Definition of “data curation” according to ProWebScraper.
Data Curation can make a positive impact in the following ways:
- Organising data that keeps piling up, so that data scientists can access the data in a usable format regardless of the size of the data set.
- Taking care of the quality of data by identifying useful data and removing useless data. This makes it easier for data scientists to trust and analyse the data.
- Improves machine learning algorithms by feeding well-organised and managed data sets to the machine.
- Making sure that data lakes don’t turn into data swamps.
- Bridging the gap between the data scientists and data engineers, who don’t have a common understanding of the data and the processing required to make it available for analysis.
Since it’s not regularly performed by data scientists or engineers themselves, no one is actively curating data.
That’s why it’s important to have a data curator in charge of data curation.
“Data curators fill this [data understanding] gap and streamline the process of sourcing, organizing, and accelerating data for analysis.”
Dremio’s VP of strategy and CMO Kelly Stirman wrote in his article.
The role of data curators
Studies in the past have attempted to establish the role of data curators but have shown that the data curators’ role wasn’t well-defined.
One such study found that there were many terms used to describe the emerging discipline of data curation including digital curation, digital archiving and digital preservation.
However, the same study also found a mismatch between what people thought of data curation jobs and the actual data curation work.
Most of the interviewees in the study mentioned that they were not managing data directly, but instead, were assigned to educate and consult researchers about good data curation practices.
But it looks like, as time goes by, it’s increasingly becoming clear that the data curator is directly responsible for adding value to and maintaining digital assets over their lifecycles, because they:
- are closer to the business units, so they understand the data and analytics workloads better than data engineers.
- understand the types of data storage systems and data processing tools.
- have updated knowledge about data sets, their provenance and what is needed.
- understand the different types of analyses for specific data sets.
- understand the various business users’ expectations of latency and availability.
- familiar with the processes of planning, creation, collection, processing, analysis, preservation, sharing, and reuse of data.
Alation splits the data curator’s role into three levels of responsibilities:
- Collaborative curators: This level indicates that everyone who works with data is involved in crowdsourcing tribal knowledge. Collaborative curators are larger in number but with less responsibility and time commitment.
- Domain curators: Domain curators, who are experts in specific data domains (customer, product, finance, etc.), record and share data domain knowledge. The number of domain curators is smaller than collaborators but have more responsibility and time commitment.
- Lead curators: A lead curator is in charge of moderating data catalogs, particularly metadata quality, which requires lots of responsibility and time commitment.

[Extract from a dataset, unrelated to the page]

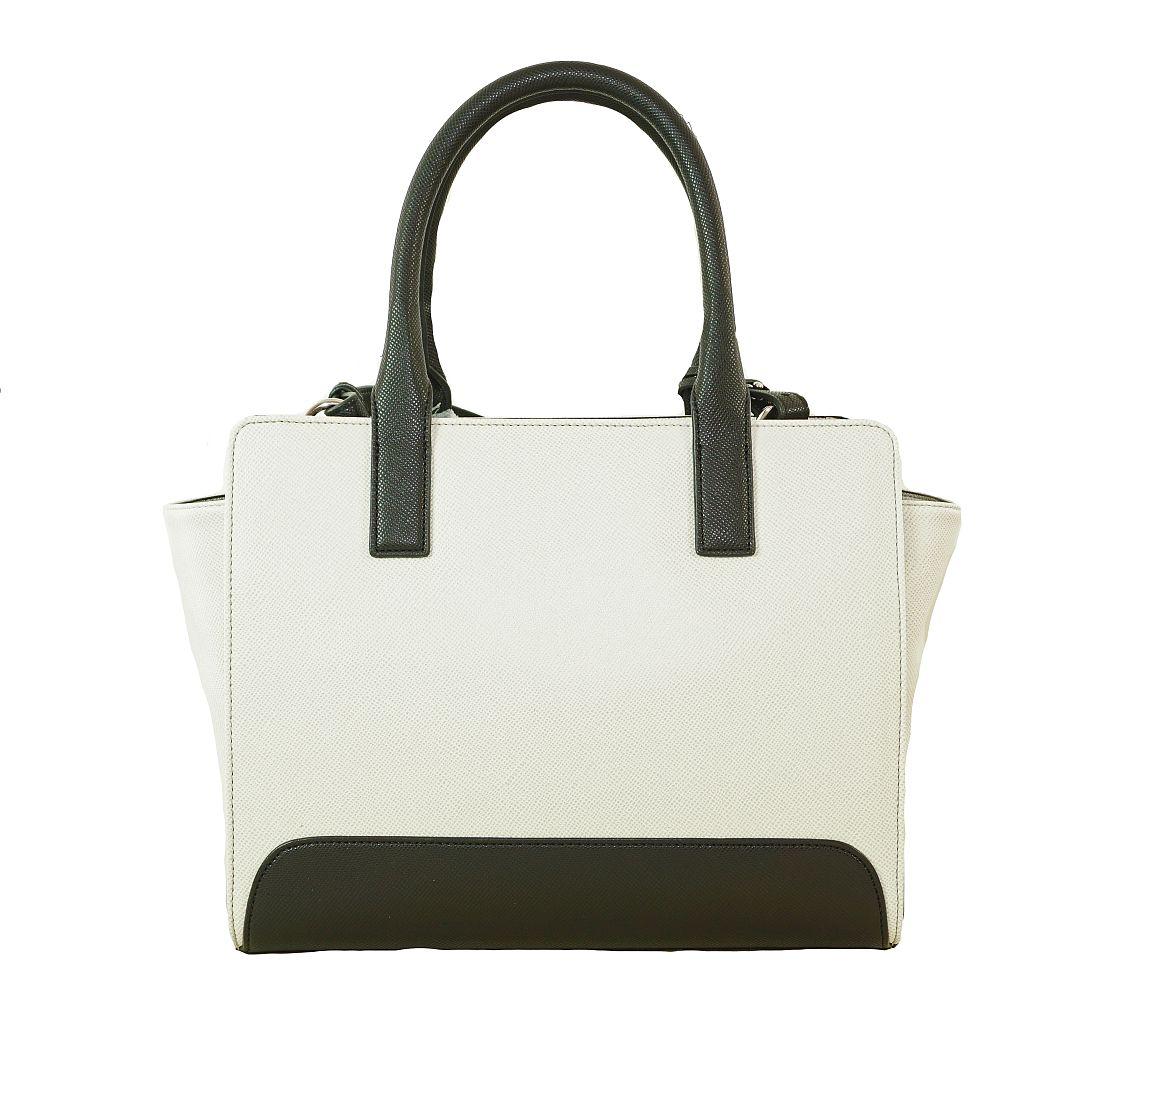 Armani Jeans Tasche Handtasche f. Damen C5250 R4 10 Bianco HW16

Regardless of whether a data curator is a collaborative, domain or lead curator, the data curation process should, at least, involve these steps:
- Identifying: Before working on a problem or project, the different data sources need to be identified first.
- Cleaning: The data set might be filled with incorrect, corrupted, incorrectly formatted, duplicate, or incomplete data, which need to be fixed or removed via data cleaning/cleansing.
- Transforming: Data transformation is the process of converting data from one format to another when migrating data from one system to another, especially if the source system and new destination system are in different formats.
An application of data curation
The Geological Survey Alabama (GSA) is an example of how data curation is applied in the real world.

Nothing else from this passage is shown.